- [Task objective]: Your copy should hold only the lines from the one with "Uso da bengala" to the one with "Jordania, un destino increible", both included, each exactly as it stands below, with no pictures.

- [Records for the task]:
==================================================
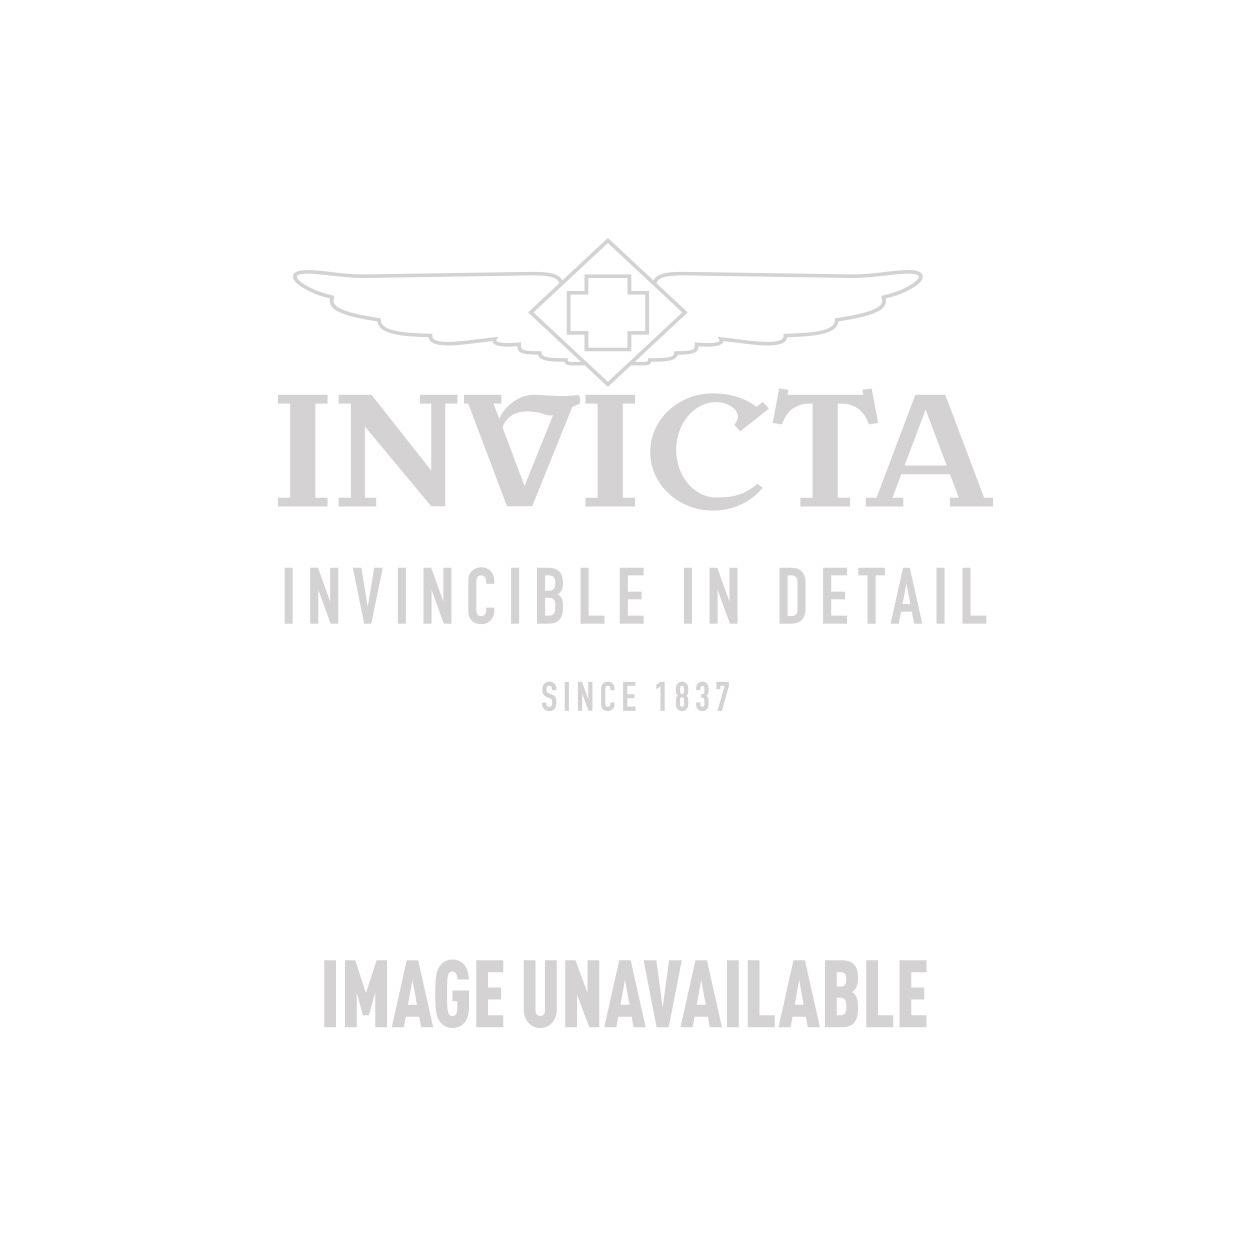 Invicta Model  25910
==================================================
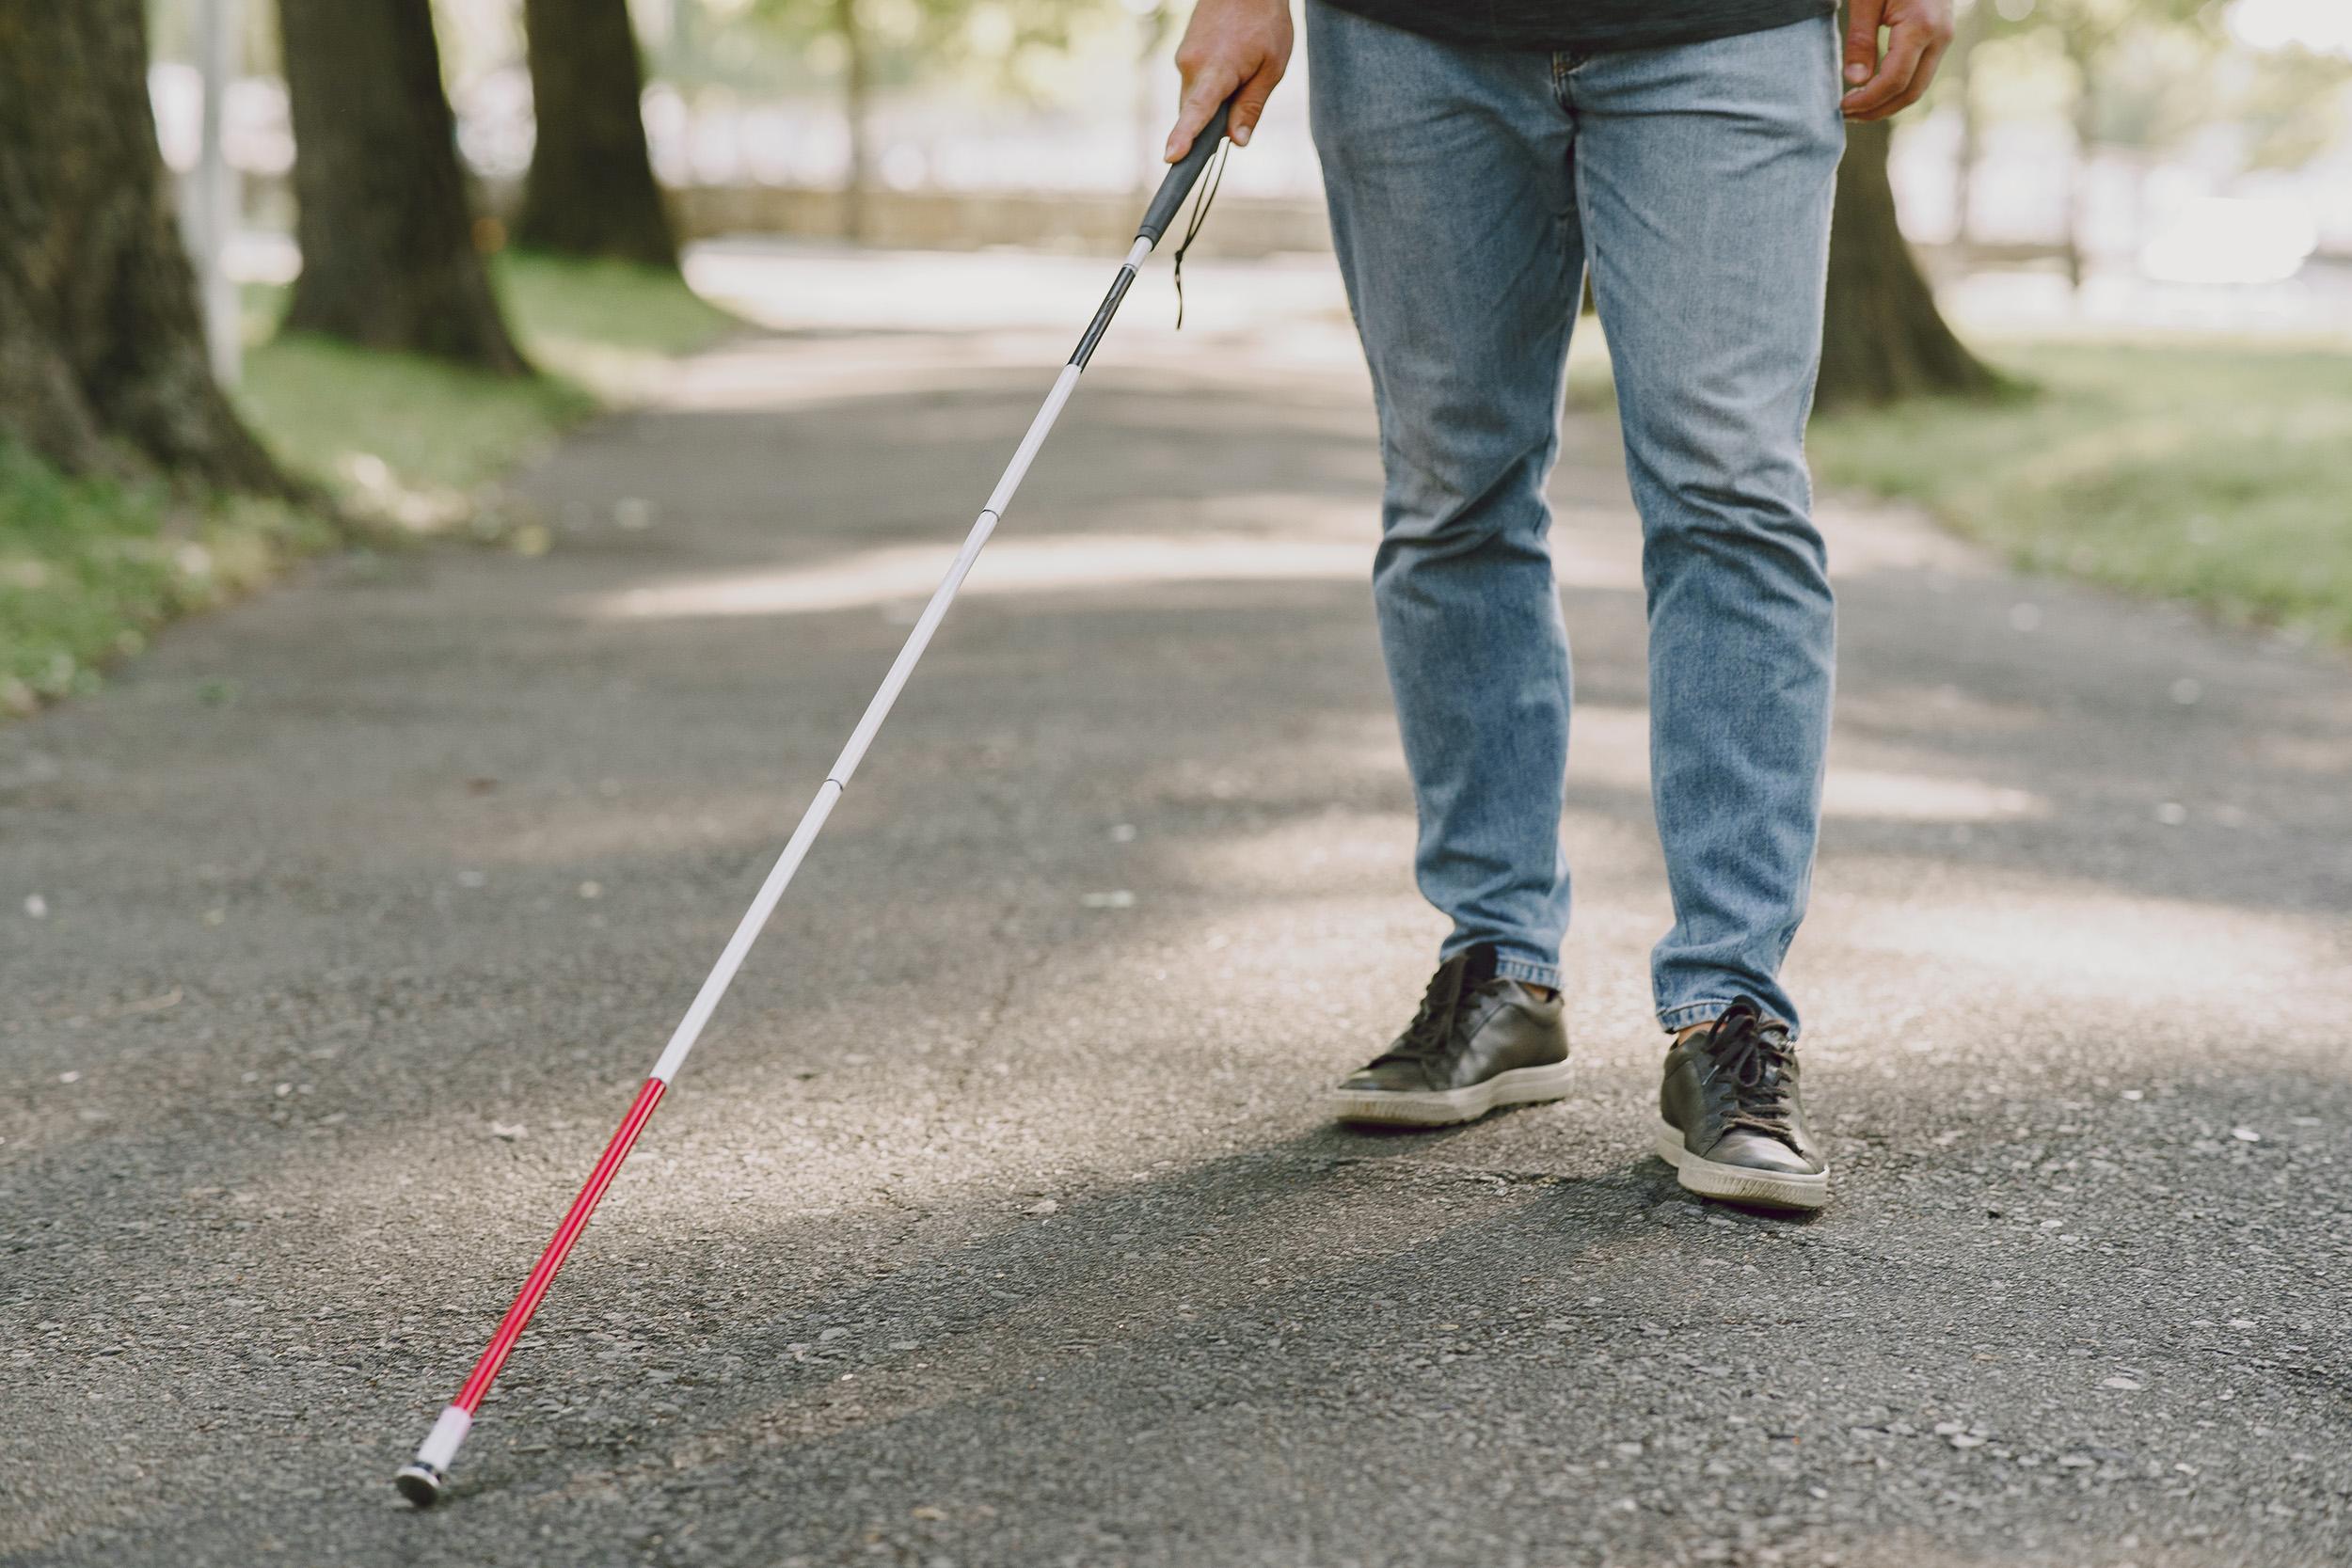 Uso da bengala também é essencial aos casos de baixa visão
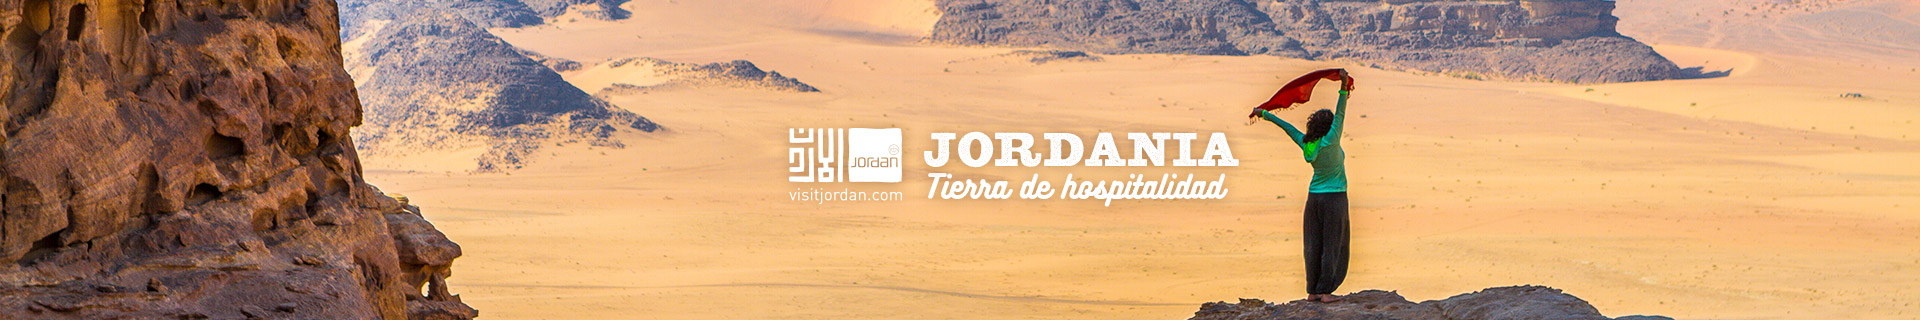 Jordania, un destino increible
==================================================
- [Exercise result]:
 Uso da bengala também é essencial aos casos de baixa visão
 Jordania, un destino increible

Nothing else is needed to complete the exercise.